On the federal level, employer-only taxes include Social Security tax, Medicare tax, and federal unemployment (or FUTA) tax, which are administered by the Internal Revenue Service (IRS). On the state level, employers are on the hook for state unemployment (or SUTA) tax, which is administered by the state workforce agency.

Although these employer payroll taxes may be commonly known, others, such as employment training tax and transit payroll tax, are less prevalent because they are based on location. Let’s take a closer look at what employers may be responsible for when it comes to their portion of payroll taxes.

Social Security and Medicare Taxes

Both employers and employees are subject to Social Security and Medicare taxes. For 2018, employers and employees pay Social Security tax at 6.2 percent, up to the annual wage limit of $128,400. They also pay Medicare tax at 1.45 percent, on all wages.

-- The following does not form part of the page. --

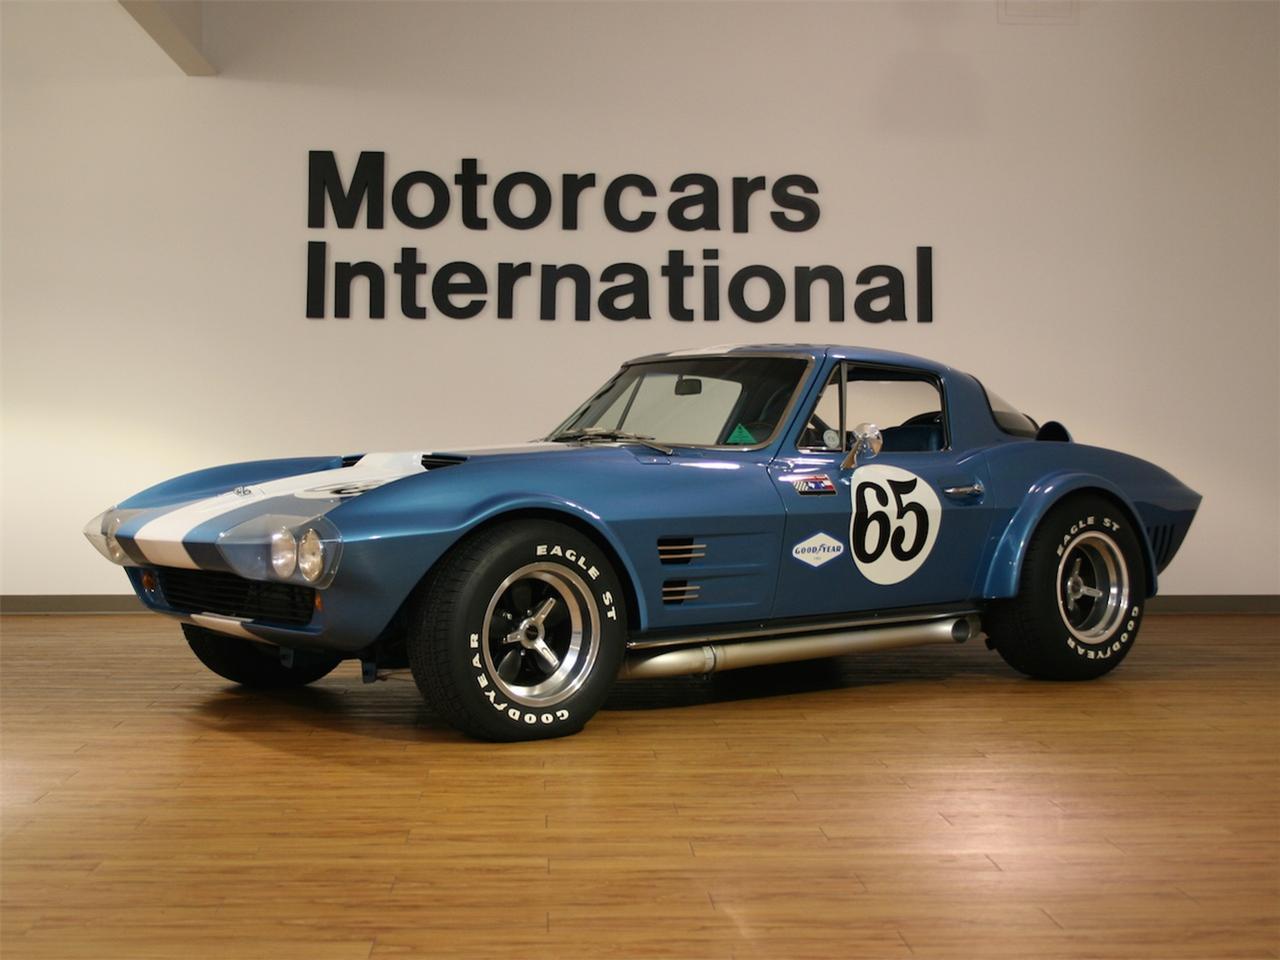 1965 Chevrolet Corvette Grand Sport Coupe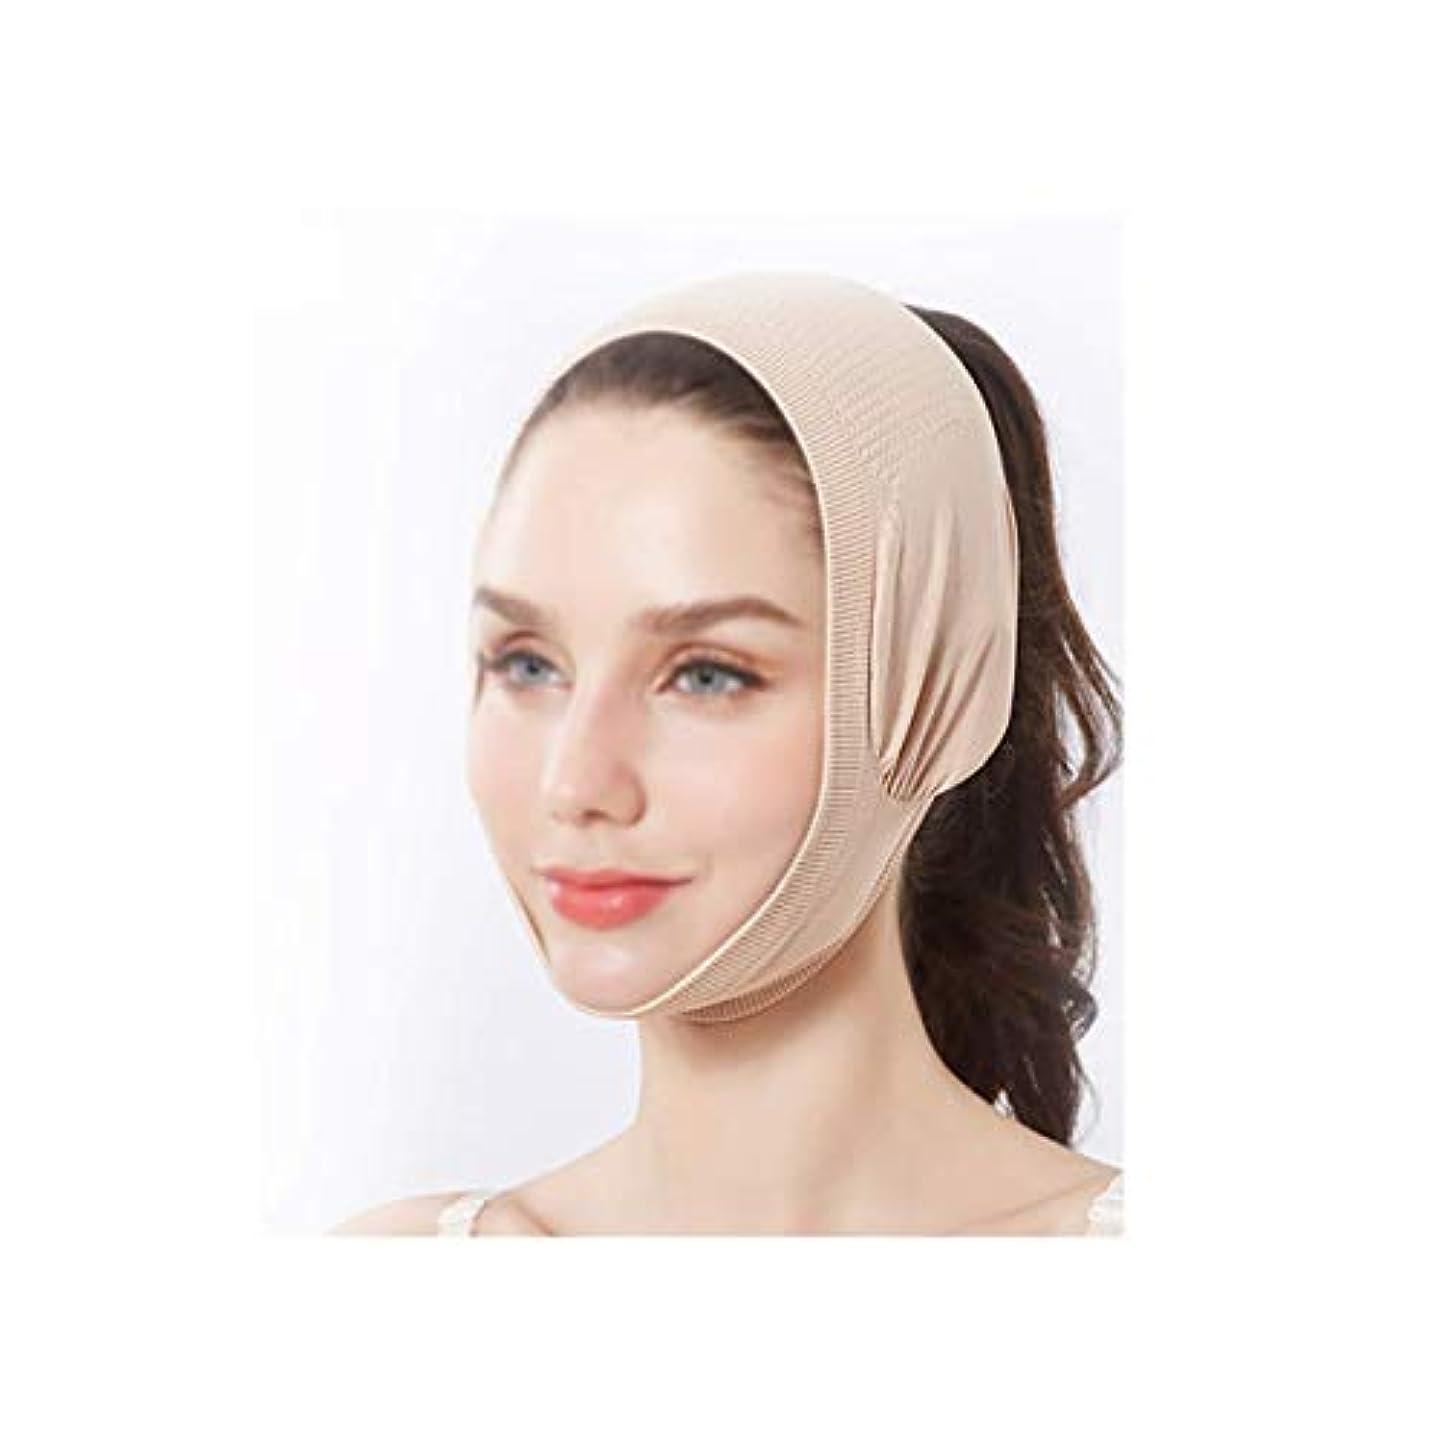 サーキットに行く曲半円フェイスリフトマスク、フェイシャルマスクエクステンション強度フェイスレス包帯バンディオンフェイスラージVラインカービングフェイスバックカバーネックストラップ(カラー:肌の色)

Employers remit their portion of Social Security and Medicare taxes plus their employees’ Social Security tax, Medicare tax, and federal income tax withholdings, together, to the IRS, either monthly or semiweekly. Most employers file quarterly wage and tax reports with the IRS on Form 941.

You might be allowed to file your reports annually, on Form 944, if your total tax liabilities equal $1,000 or less for the year. Total tax liabilities include your share of Social Security and Medicare taxes plus your employees’ federal withholdings.

Federal Unemployment Tax

Generally, employers are liable for FUTA tax if they paid $1,500 or more in wages for the calendar year. For 2018, employers pay FUTA tax at 6 percent on the first $7,000 paid to each employee. But, if you meet the requirements, you can take a maximum credit of 5.4 percent against your FUTA tax, which reduces your FUTA rate to 0.6 percent.

Employers typically must remit FUTA tax to the IRS by the final day of the first month that comes after the end of the quarter, plus file annual reports on Form 940 by January 31.

State Unemployment Tax

Employers pay SUTA tax on wages paid to each employee, up to the annual wage limit, at the rate determined by the state workforce agency. SUTA tax rates usually are based on whether the employer is new or experienced and on the employer’s industry. Most employers must file quarterly wage and tax reports with the state workforce agency. But, exceptions may exist. For example, domestic employers often are required to file annual, not quarterly, reports.

Other Employer Payroll Taxes

Although many employers are liable only for Social Security tax, Medicare tax, FUTA tax, and SUTA tax, others aren’t so lucky. Employers in California also must pay and report employment training tax—at 0.1 percent on the first $7,000 paid to each employee, for 2018—to the state’s Employment Development Department. Certain districts in Oregon require employers to pay and report transit payroll tax to the Oregon Department of Revenue.